Britannia deals blow to first-time housebuyers

First-time buyers with a small deposit have been left with even less choice after one of the biggest mortgage lenders in the market pulled its deals last night.

Britannia, which merged with Co-operative Bank in August, will no longer offer home loans to borrowers with a 10 per cent deposit, the mortgages popular among first-time buyers.

The move leaves only a handful of lenders still willing to offer loans to buyers with small deposits.

The cost to lenders of borrowing on wholesale money markets to fund new mortgages has fallen considerably in recent months and is now beginning to stabilise, according to experts. Swap rates, the money markets used to fund fixed-rate mortgages, are at a record low. However, mortgage brokers have lamented the failure of banks to reduce rates for struggling first-time buyers. It is feared that less competition could push up the cost of deals for first-time buyers even farther.
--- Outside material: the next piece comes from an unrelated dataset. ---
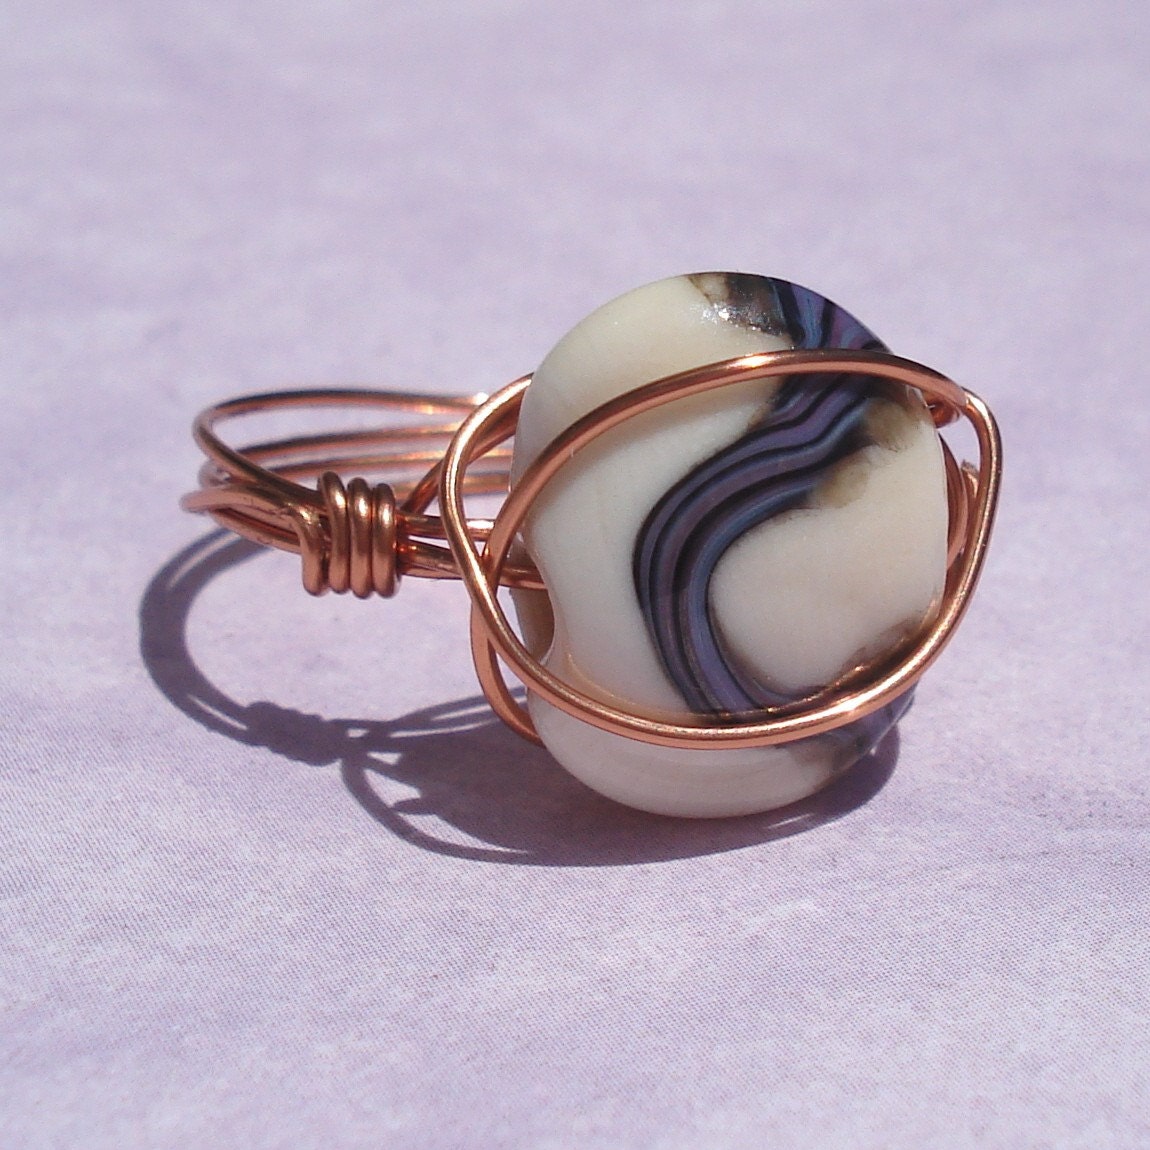 wire wrapped copper ring with artisan lampwork glass bead

Over the past three months Britannia has offered one out of every ten mortgages requiring a 10 per cent deposit, lending £300 million to almost a thousand first-time buyers.

Where deals are available they are much more costly. The average fixed-rate deal for buyers with only a 10 per cent deposit has a rate of 6.63 per cent, compared with 5.08 per cent for borrowers with a 40 per cent deposit, according to figures from Moneyfacts.co.uk, the financial website.
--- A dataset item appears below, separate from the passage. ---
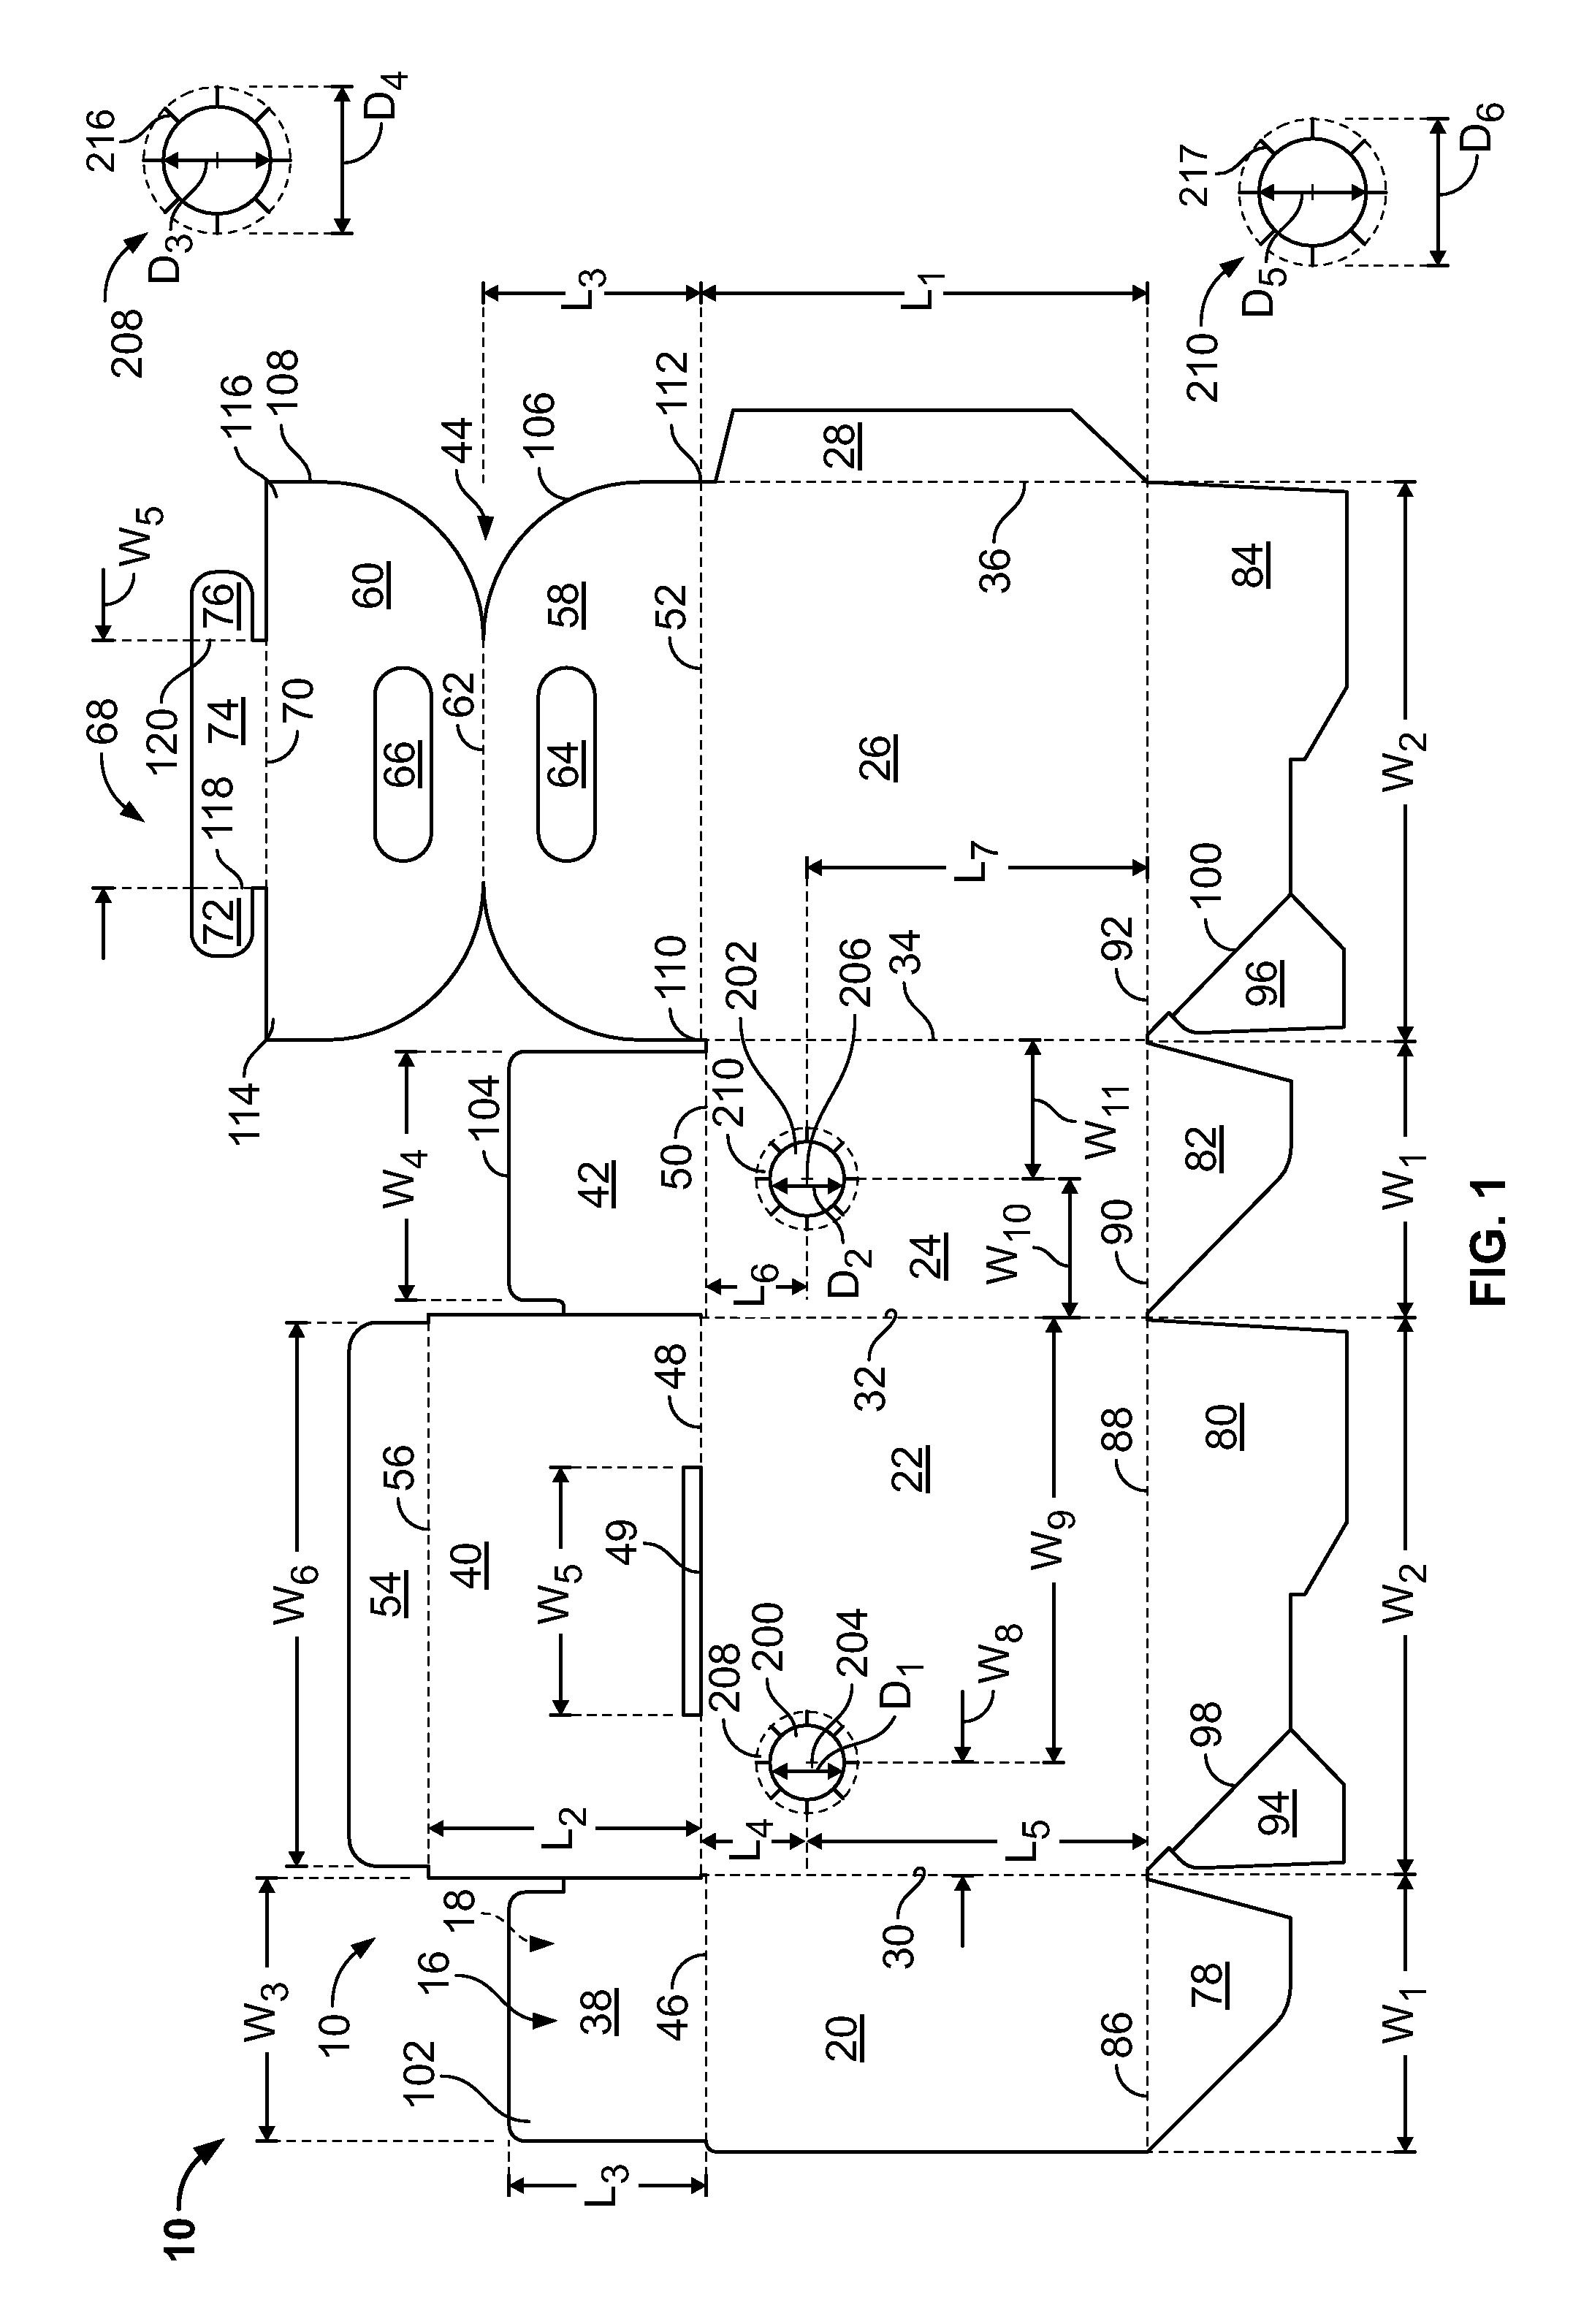 Bag-in-box container and method of constructing the same

Even though swap rates have fallen, the availability of mortgages remains restricted as lenders struggle to secure funding from wholesale markets and retail deposits. Banks and building societies are expected to approve £145 billion gross of new loans this year, compared to £363 billion in 2007.

Britain’s biggest mortgage lenders, including the taxpayer-controlled Lloyds Banking Group and Abbey, passed on a series of interest rate cuts this week, but only on deals for cash-rich borrowers. Northern Rock, the Government-owned lender, reduced a number of deals by up to 0.3 percentage points for borrowers with at least a 15 per cent deposit.

Meanwhile, Woolwich, the mortgage arm of Barclays, lowered the cost of its lifetime tracker deal by almost half a point to 2.79 per cent, or 2.29 per cent over the Bank base rate of 0.5 per cent. The deal requires a deposit of 30 per cent and has a £999 fee.

Mortgage brokers welcomed the series of rate cuts announced this week.